- Born: Meeli Alev 13 September 1937 Tallinn, Estonia
- Died: 16 March 2024 (aged 86)
- Occupation: Actress
- Years active: 1960–2011
- Spouse: Ants Sööt ​ ​(m. 1961; div. 1978)​

= Meeli Sööt =

Estonian actress (1937–2024)

Meeli Sööt (13 September 1937 – 16 March 2024) was an Estonian stage, television, radio and film actress.

==Early life and education==
Meeli Sööt was born Meeli Alev in Tallinn to actor Voldemar Alev and Alvine Alev (née Väravas). In 1956, she graduated from Tallinn 7th Secondary School (now, Tallinn English College). From 1956 until 1957, she studied at the Tallinn Pedagogical Institute (now, Tallinn University), and graduated in 1961 from the Tallinn State Conservatory, Performing Arts Department (now, the Estonian Academy of Music and Theatre) in Tallinn under the course supervision of theatre pedagogue Voldemar Panso. Among her classmates were noted future actors Tõnu Aav, Mikk Mikiver, Maila Rästas, Aarne Üksküla, Madis Ojamaa, Jaan Saul, Ines Aru, and Mati Klooren.

==Stage career==
Following graduation in 1961, she became engaged at the Estonian Drama Theatre in Tallinn. She would remain an actress at the theatre until 2000. She made her stage debut in 1961 in a production of Pedro Calderón de la Barca's 1636 play The Phantom Lady while still a student.
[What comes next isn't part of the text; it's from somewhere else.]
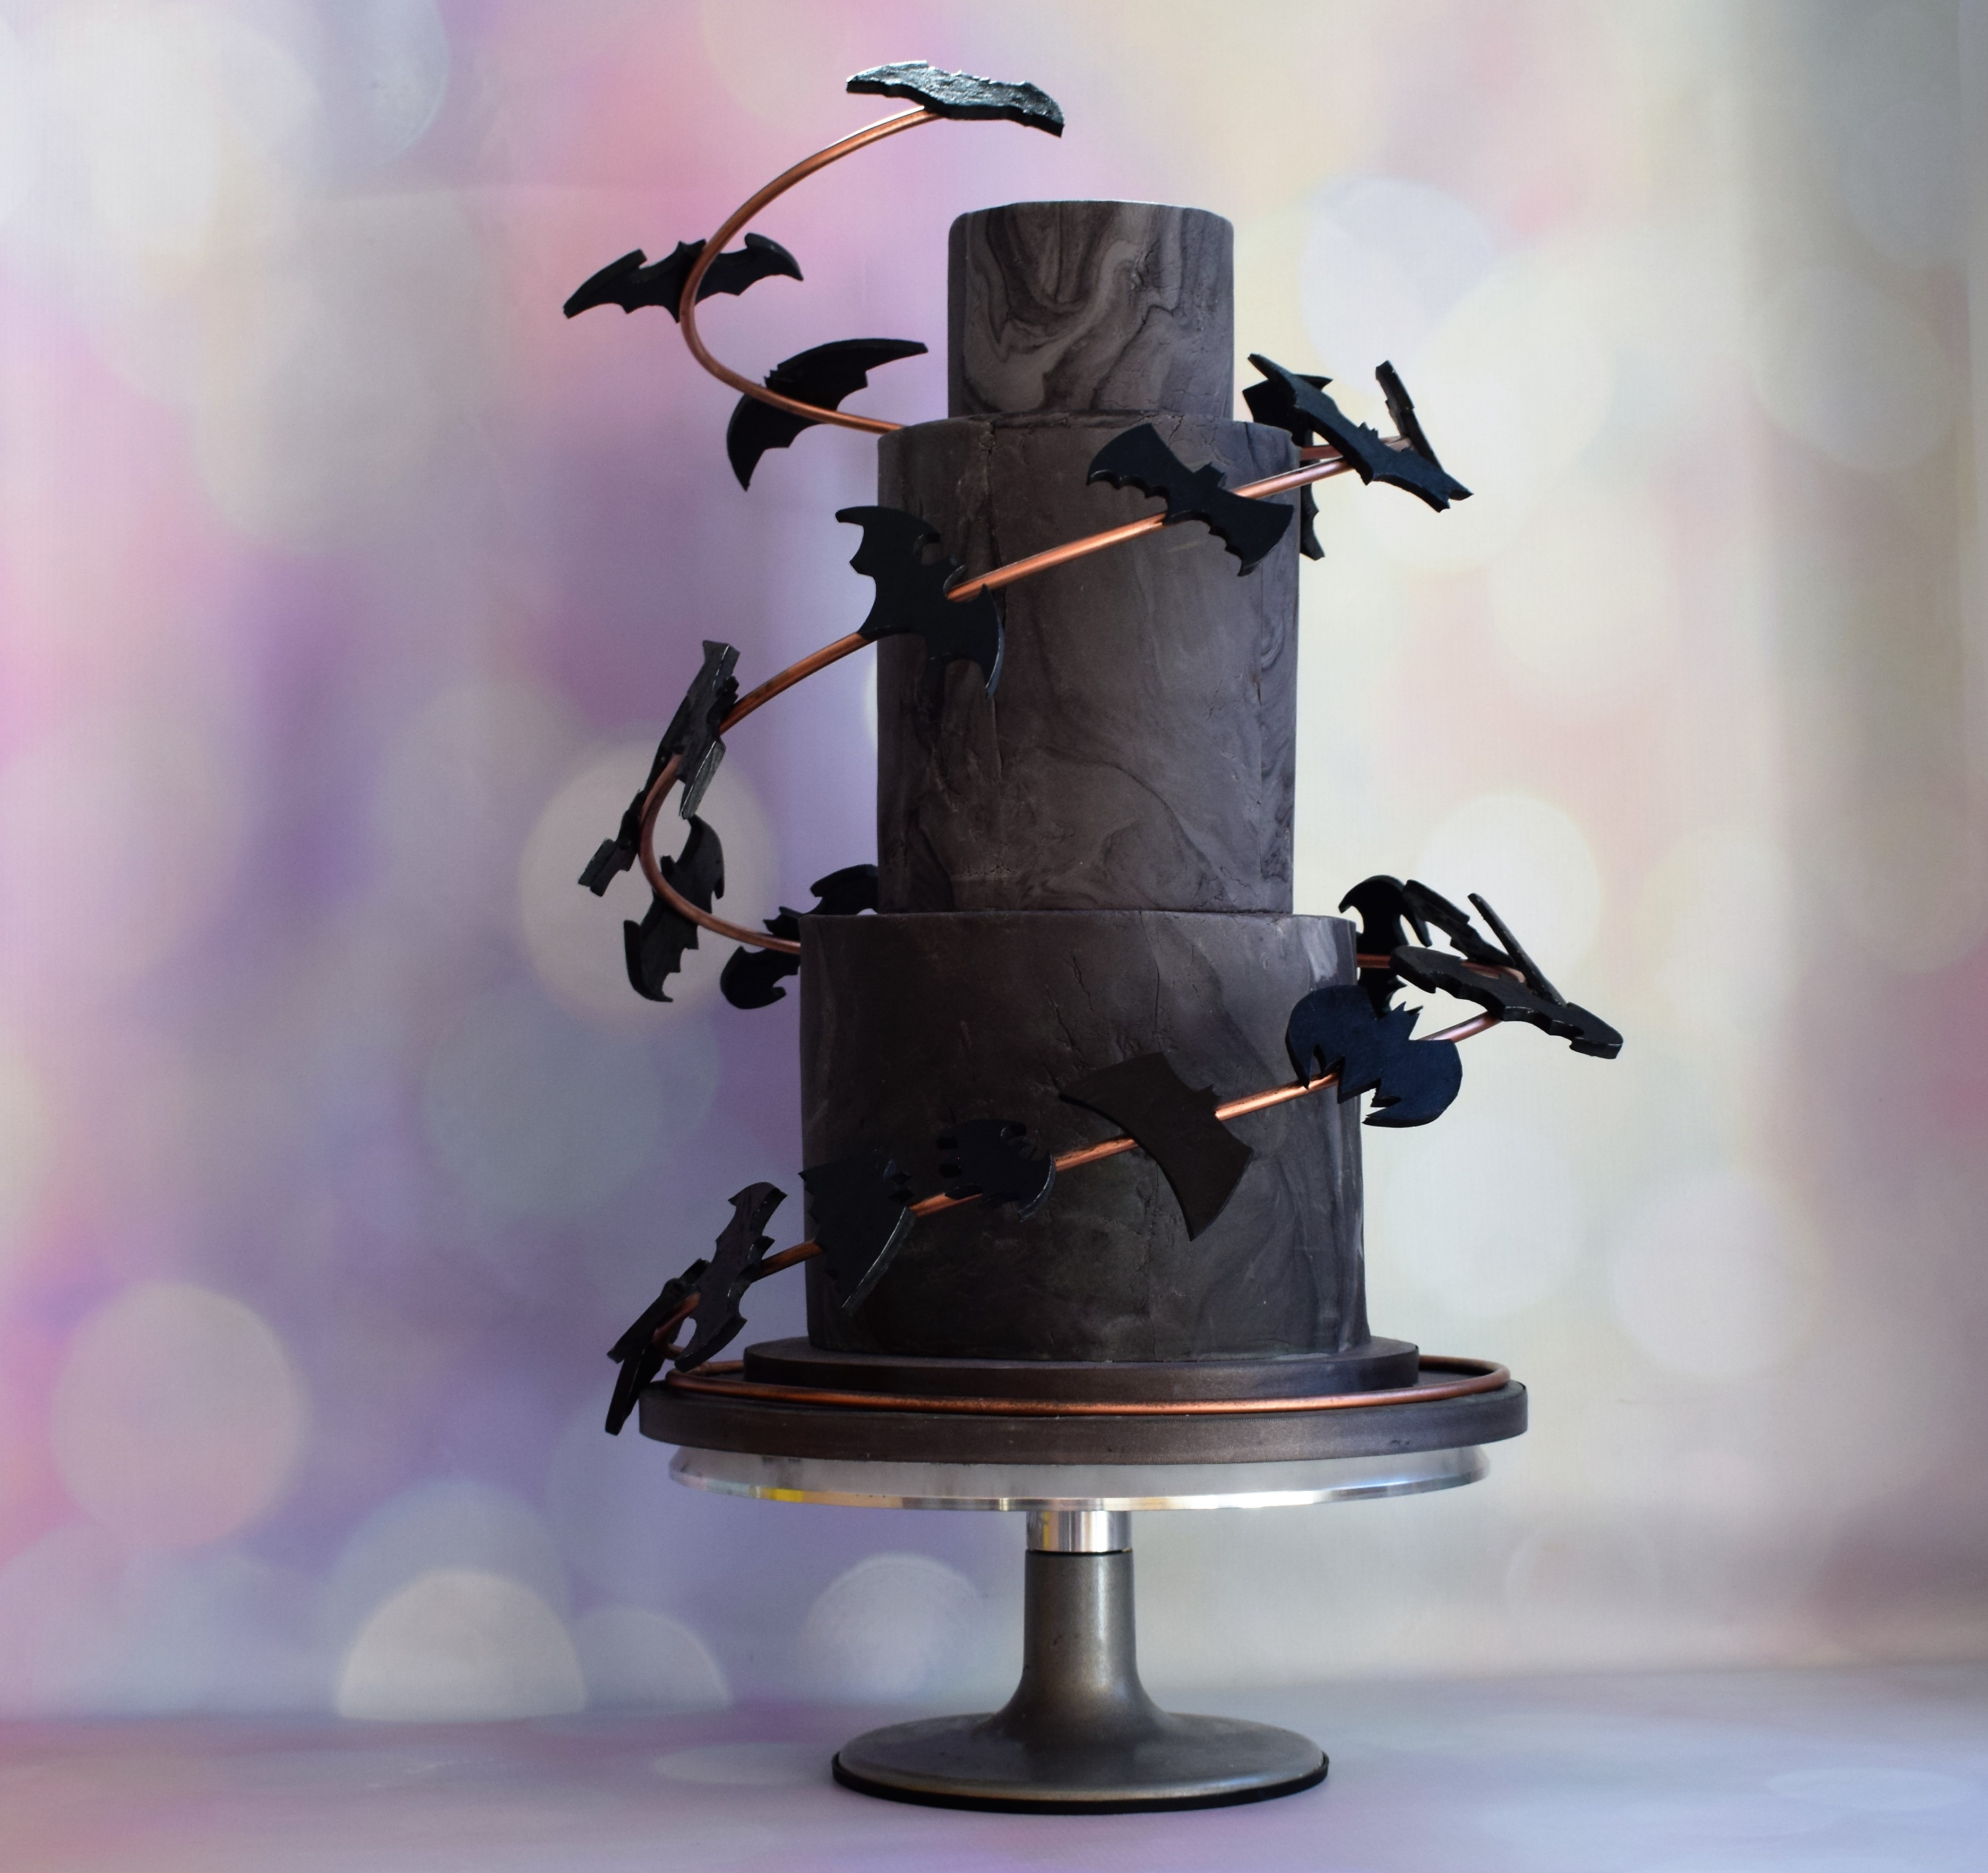 bake to the future - marvel wedding cake - batman wedding cake - alternative wedding cake

During her nearly forty year engagement at the Estonian Drama Theater she performed in numerous stage productions as an actress. Among her more memorable roles in works by international authors and playwrights include: Molière, Ibsen, von Goethe, Chekhov, Strindberg, Vonnegut, Leo Tolstoy, Peter Shaffer, Jean Genet, Johannes Linnankoski, William Gibson, Alexander Vampilov, Elias Lönnrot and John Boynton Priestley, among others. Memorable roles in works by Estonian authors and playwrights include those of: Eduard Vilde, A. H. Tammsaare, Juhan Sütiste, Jaan Kross, Aino Undla-Põldmäe, Jaan Kruusvall and Mats Traat.

Beginning in 1990, Sööt was a lecturer at the Estonian Academy of Music and Theatre, and from 1996 until 2004, was an associate professor at the academy.

==Television, radio and film==
Meeli Sööt made her film debut in a small role in the Kalju Komissarov directed Soviet-Estonian crime-drama Tavatu lugu for Tallinnfilm. This was followed by a starring role as Marta in the 1982 Veljo Käsper directed drama Pihlakaväravad, opposite actor Heino Mandri. She also appeared in the 1990 dramatic short film Teenijanna, directed by Veiko Jürisson.

In 1983, she appeared in the feature-length television sports film Küljetuul, directed by Raul Tammet. She also frequently appeared on the popular Estonian Kanal 2 television crime series Kelgukoerad between 2008 and 2011.

Additionally, she has performed in several radio plays, most memorably Kuu aega maal in 1964, Meelejahutaja in 1973 and Ameerika mäed in 1998.

==Personal life and death==
In 1961 Meeli Alev married conductor and pedagogue Ants Sööt. The couple divorced in 1978. She died on 16 March 2024, at the age of 86.

==Acknowledgements==
In 1976, Meeli Sööt was awarded the Merited Artist of the Estonian SSR.